Когда мы приблизились к усадьбе, уже совсем стемнело, но мы не заметили вокруг ни одного огонька. Война продолжалась и требовала затемнения. Когда мы открыли дверь, на нас хлынула волна тепла и света от керосиновой лампы. В комнате мы увидели маму. Она рассказала, что днем прилетал русский самолет и ни с того ни с сего сбросил бомбу. Только одну. Ту самую, воронку от которой мы видели по дороге.
Никогда потом нам с отцом не удавалось достичь такой близости. Это продолжалось лишь один день, но именно этот день установил границы, которые ни я, ни отец впредь никогда не нарушали. Его смерть — это уже другая история… Так было в нашей с ним жизни, а теперь уже — только в моей.
Отец и сын в поисках жены и матери в вышеописанных декорациях — почти классический сюжет. В нем можно выделить много побочных линий. Например: моя мать прожила после этого только четыре года, и случайный самолет, сбросивший единственную бомбу, мог оказаться предвестником ее скорой смерти. Либо: я постепенно взрослел, и мать отступала на второй план. Либо: война закончилась, и с ней закончилась тесная связь трех персонажей. Редко, однако, в моей жизни будущее подавало мне знак в таком театральном виде.
Конец войны
Война закончилась. И что же дальше? С 1 сентября 1939 года и — как позже оказалось — до 8 мая 1945 года, то есть дня окончательного завершения войны, наша жизнь протекала словно во сне. Необходимо проснуться, сбросить с себя этот кошмар и жить дальше — такую потребность испытывал буквально каждый поляк. Взрыв радости, неистового подъема, безудержных фантазий и безграничного счастья продолжался несколько месяцев, пока реальность не заставила поляков опомниться. Жизнь как сон — подобные теории хорошо развивать в философии, и то лишь в разделе «индивидуум». Но в обычной жизни им не место, и если такое случится, то — через определенное время — закончится смертью.

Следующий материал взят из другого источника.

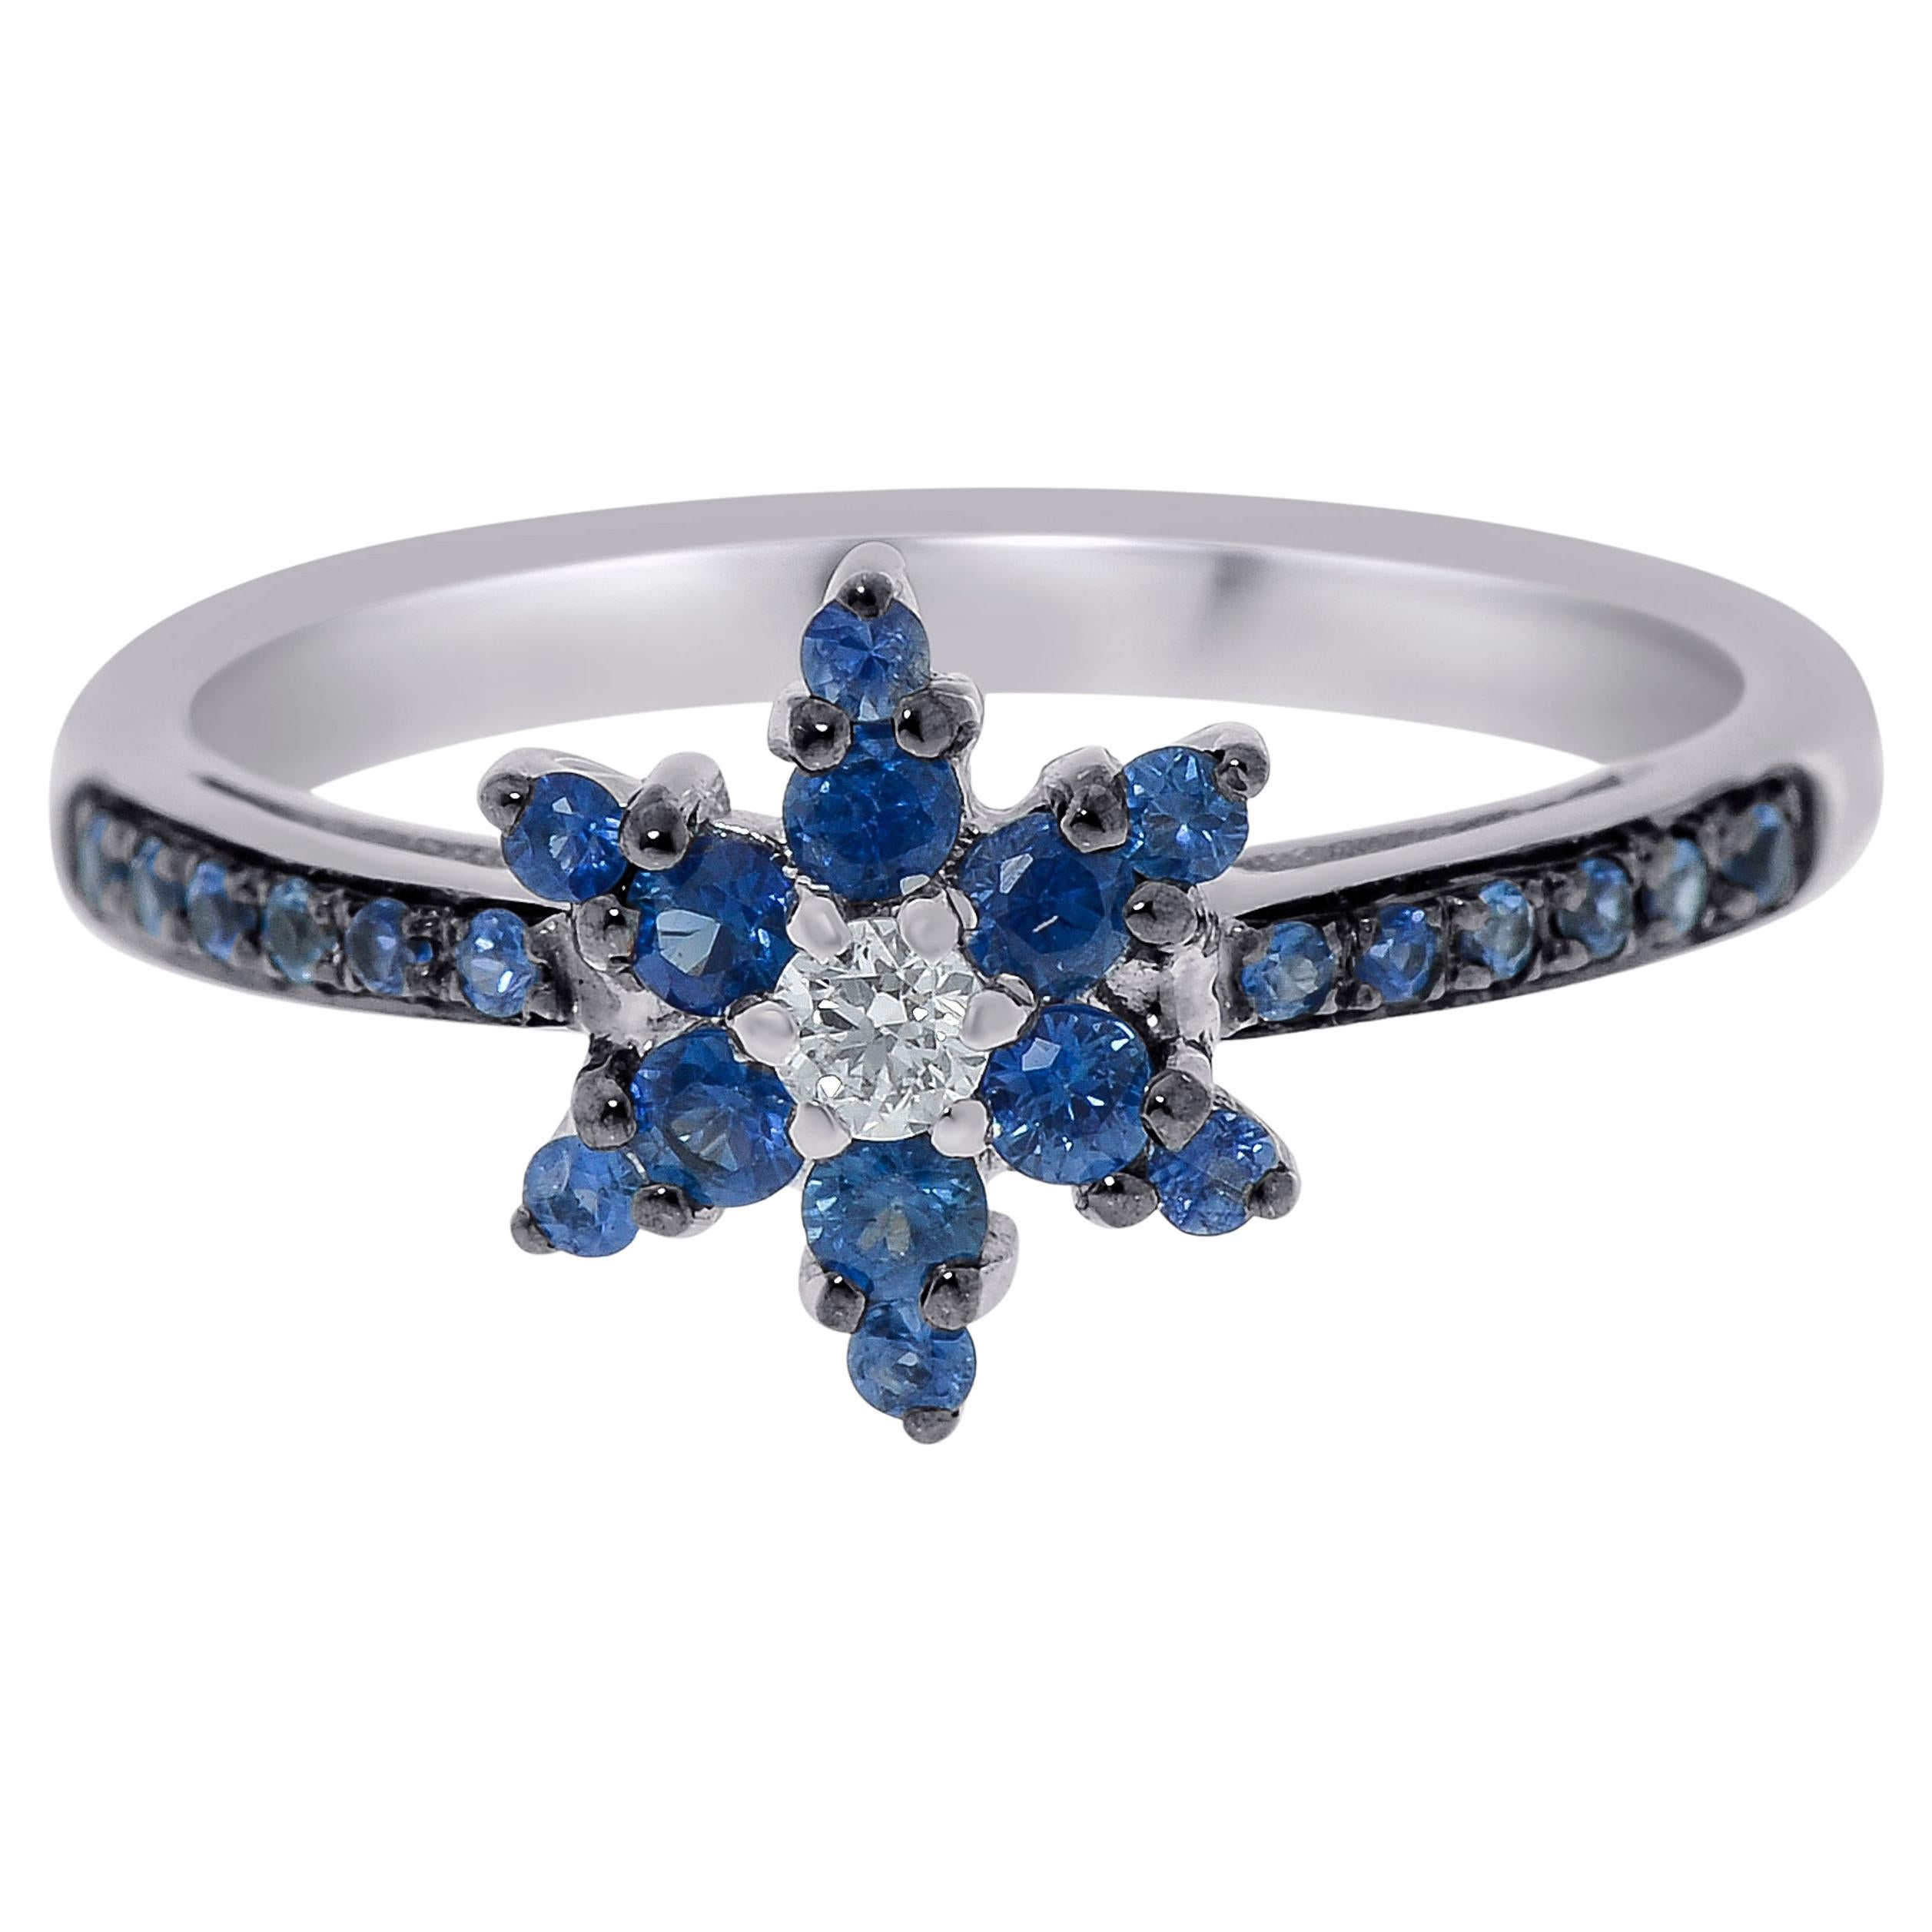 Zydo 18K White Gold, Sapphire and Diamond Band Ring sz. 7 For Sale

Перед нами стояла неотложная задача: вернуться в Краков и найти жилье. Отец так и поступил. С первой же почтовой машиной он поехал в Краков и, опережая предприимчивых спекулянтов, с топором в руке отстоял вполне приличную квартиру в том же Оседле Офицерском. Мы с матерью и сестрой поспешили за ним. Бежавшая немецкая администрация оставила после себя полный хаос. И все тогда происходило только так: вместо «жилищного соглашения» действовало кулачное право, а оформлялось все уже задним числом.
Квартира находилась на бульваре Пражмовского, 68. Это был район особняков — потом, в годы коммунизма, там настроили дешевого жилья. Дом, выстроенный в тридцатых годах, стоял в парке, рядом с таким же домом-близнецом. Квартира — на втором этаже, просторная, с большими окнами и высокими потолками — была намного лучше квартиры на Келецкой. Она состояла из двух комнат, кухни, передней и ванной.
Квартира оказалась почти пустой. Занимавшие ее немцы в панике бежали из Кракова от приближающейся Красной армии. Судя по бумагам, брошенным на письменном столе, последним «квартирантом» в доме был немецкий командный пункт, по-видимому, противовоздушной обороны. Первое, что сделал отец, войдя в квартиру, — распахнул окно и выбросил в большой, еще не застроенный, одичавший сад гранату. На всякий случай.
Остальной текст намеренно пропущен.